Solid dividends harder to find

"It is getting hard to find stable, growing dividends, so you have to do a lot of hunting," says Howard Silverblatt, the senior index analyst at Standard & Poor's, referring to the rash of dividend cuts by big companies. "These days, small caps are an acceptable way to go."

That notion flies in the face of some long-held biases on Wall Street. Investors typically like small-cap stocks for fast-climbing profits and highflying stock prices, not dividend income.

Unlike goliaths in the Standard & Poor's 500 Index ($INX) -- 72% of its stocks pay a dividend -- small companies often reinvest earnings to fuel future growth, rather than reward shareholders.

Still, dividend-paying stocks account for 56% of the S&P Midcap 400 Index ($MID.X) and one-third of the Russell 2000 Index ($RUT.X), including tobacco merchant Universal.

With a yield of 4.8%, Universal is the smallest company on our list. But it has the longest track record of dividend increases, having raised its payout every year since 1971.

"People believe there is a scarcity of small companies paying dividends," says Paul Magnuson, a co-manager of the Allianz NFJ Small Cap Value Fund (PCVAX). "It's one of the best-kept secrets in the small-cap arena."

What makes a safe dividend?

Of course, confidence in dividends has waned greatly.

Since the start of 2008, 967 dividends paid by U.S. companies have been cut or suspended, according to Standard & Poor's.

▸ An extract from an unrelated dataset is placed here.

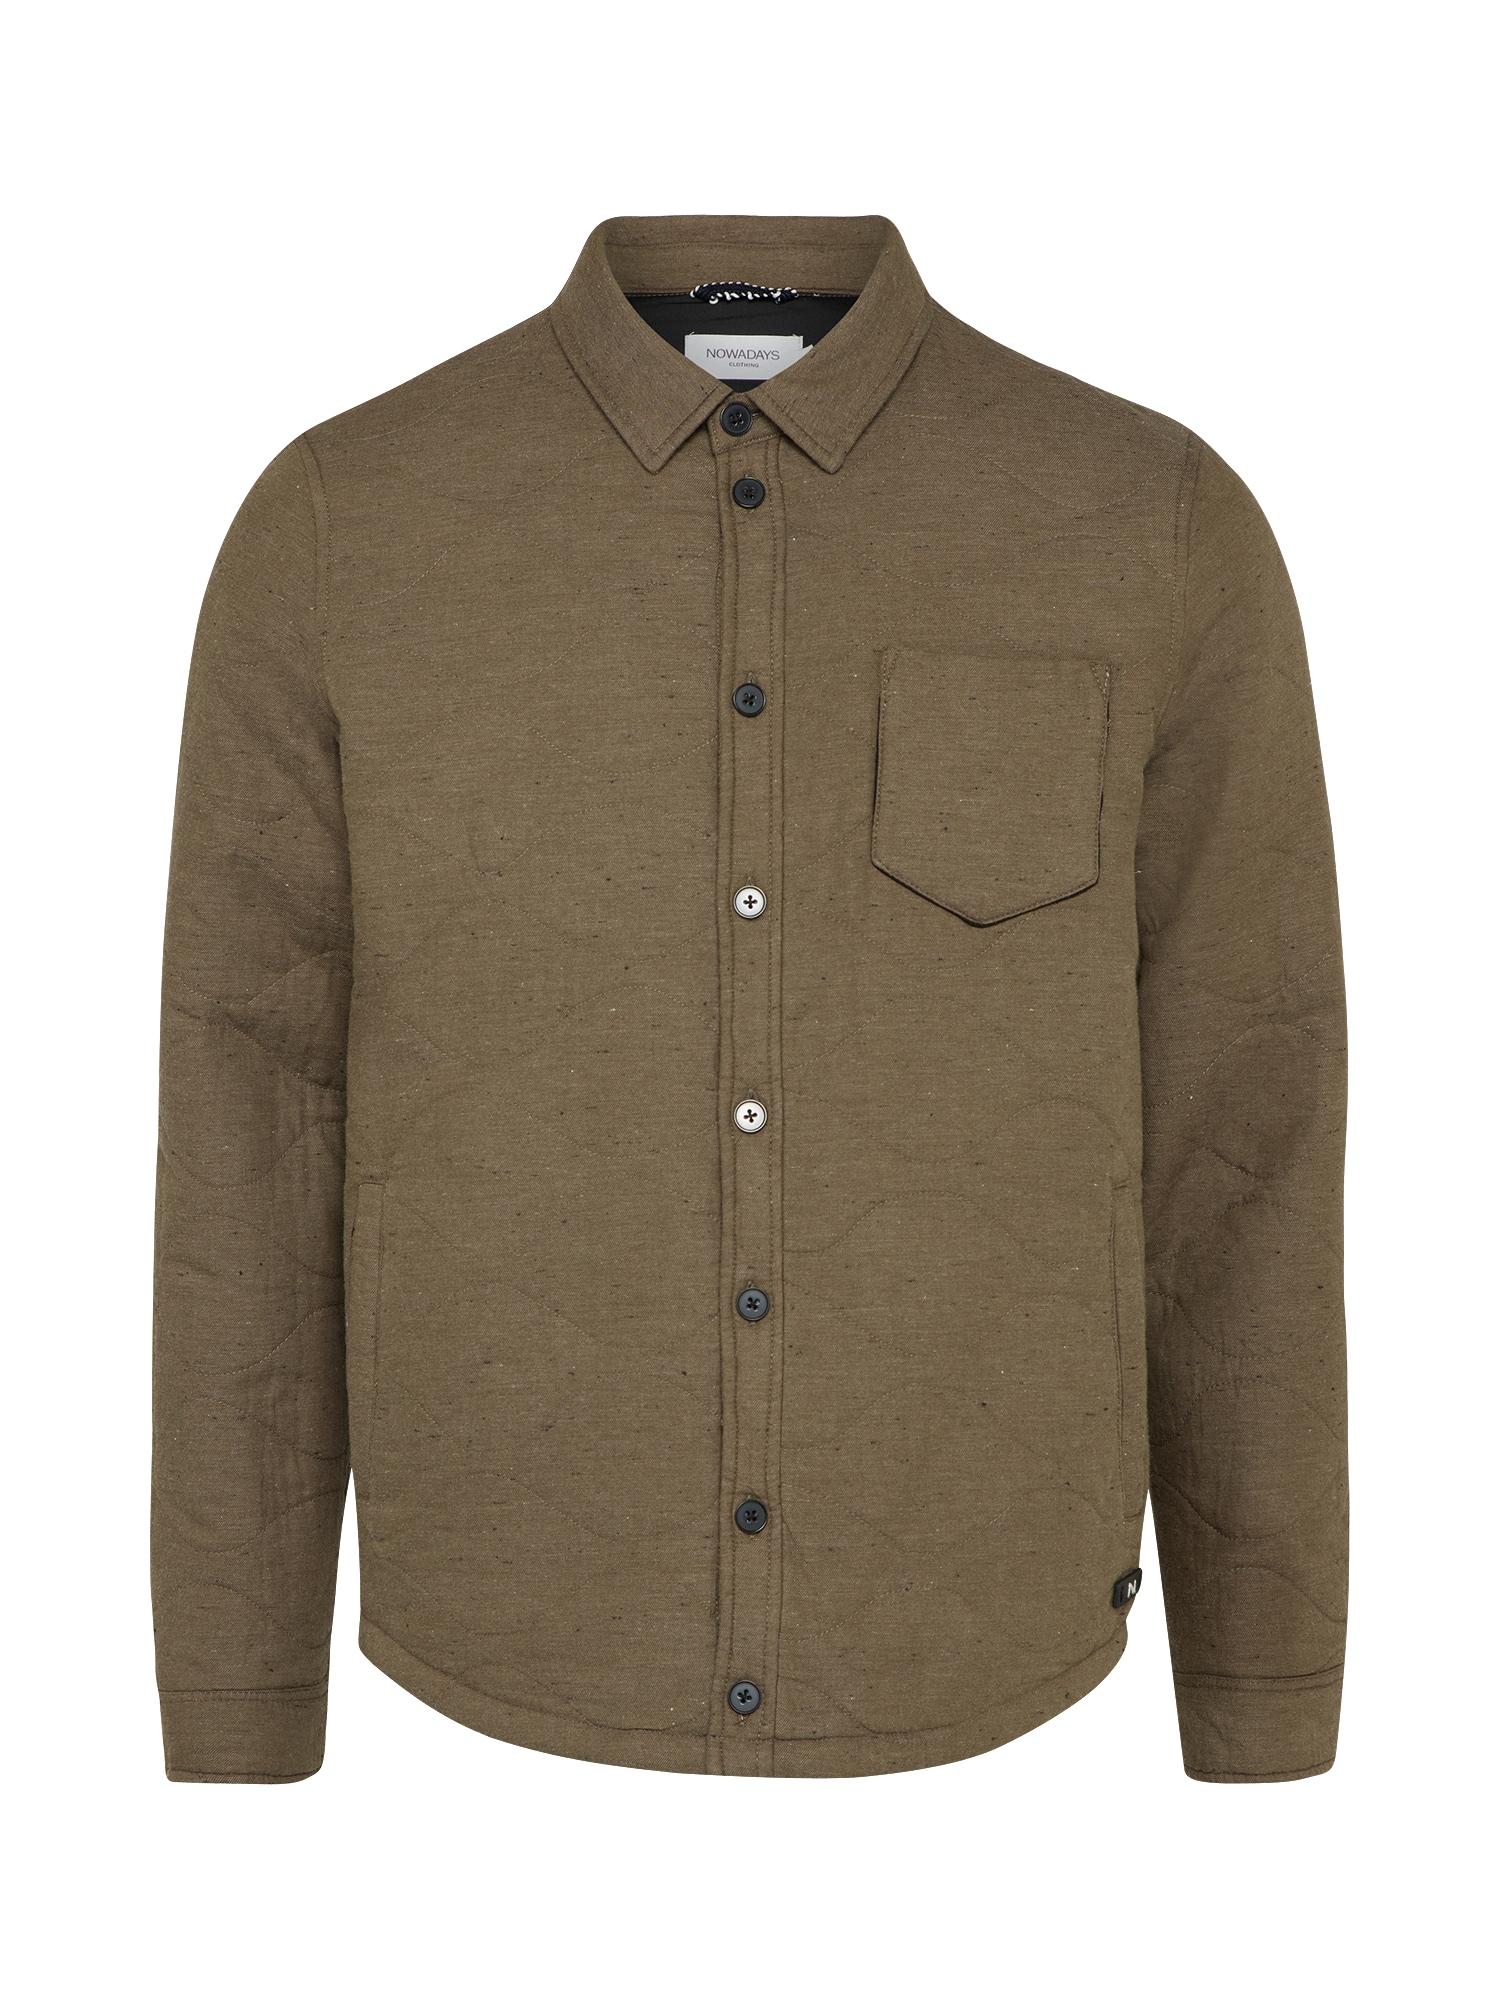 - Herren Übergangsjacke quilted jacket khaki | 04250877566925

In seeking dividend stocks, investors should focus on companies with strong balance sheets and enough free cash flow to fund the dividend payment. "In this environment, dividends are really important because they are a measure of quality," Magnuson adds.

One of the biggest companies on our list is Flowers Foods, with a yield of 3.3%. The company's first-quarter profits were hurt by commodity hedges that backfired. Still, profits could climb 12% this year, partly because of recent acquisitions.

In fact, the timing of Flowers' latest quarterly dividend increase -- a 17% boost May 29 -- "highlights considerable confidence in earnings growth," says Farha Aslam, a Stephens analyst.

The same can be said for hospital-supply wholesaler Owens & Minor and gas utility South Jersey Industries.

Compared with other picks, Owens' 2.5% yield looks modest. But the 127-year-old company raised its quarterly dividend by 15% in February. Also, dividends consume only one-third of Owens' annual profits, which are projected to grow 8% this year and 11% in 2010.

South Jersey, meanwhile, raised its quarterly dividend 10% in late November, well above the company's target. With a 3.5% yield, its payout consumes just 48% of profits, well below the industry norm. Those profits, meanwhile, should grow 7% annually over the next three to five years.

Other names, however, have had a harder time.

With a yield of 2.8%, ABM raised its dividend 4% in December even though office vacancy rates have cut into demand for janitorial services, which constitute 70% of the company's revenue.

Still, cost cuts and the acquisition 18 months ago of ABM's biggest rival will help drive profits up 19%, to $1.33 a share, during the fiscal year that ends Oct. 31, says Dave Gold, a Sidoti analyst. Meanwhile, Gold sees the century-old company generating $88 million in free cash flow this year, more than enough to cover its $25 million dividend payout.

"It wasn't a huge dividend hike, but it says a lot about their business," Gold says.

No guarantee

Of course, just because a company has a long history of increasing dividends does not mean that payments will keep rising or even continue. These stocks also tend to be far less diversified than their bigger rivals, depending on a single region or product for their livelihood.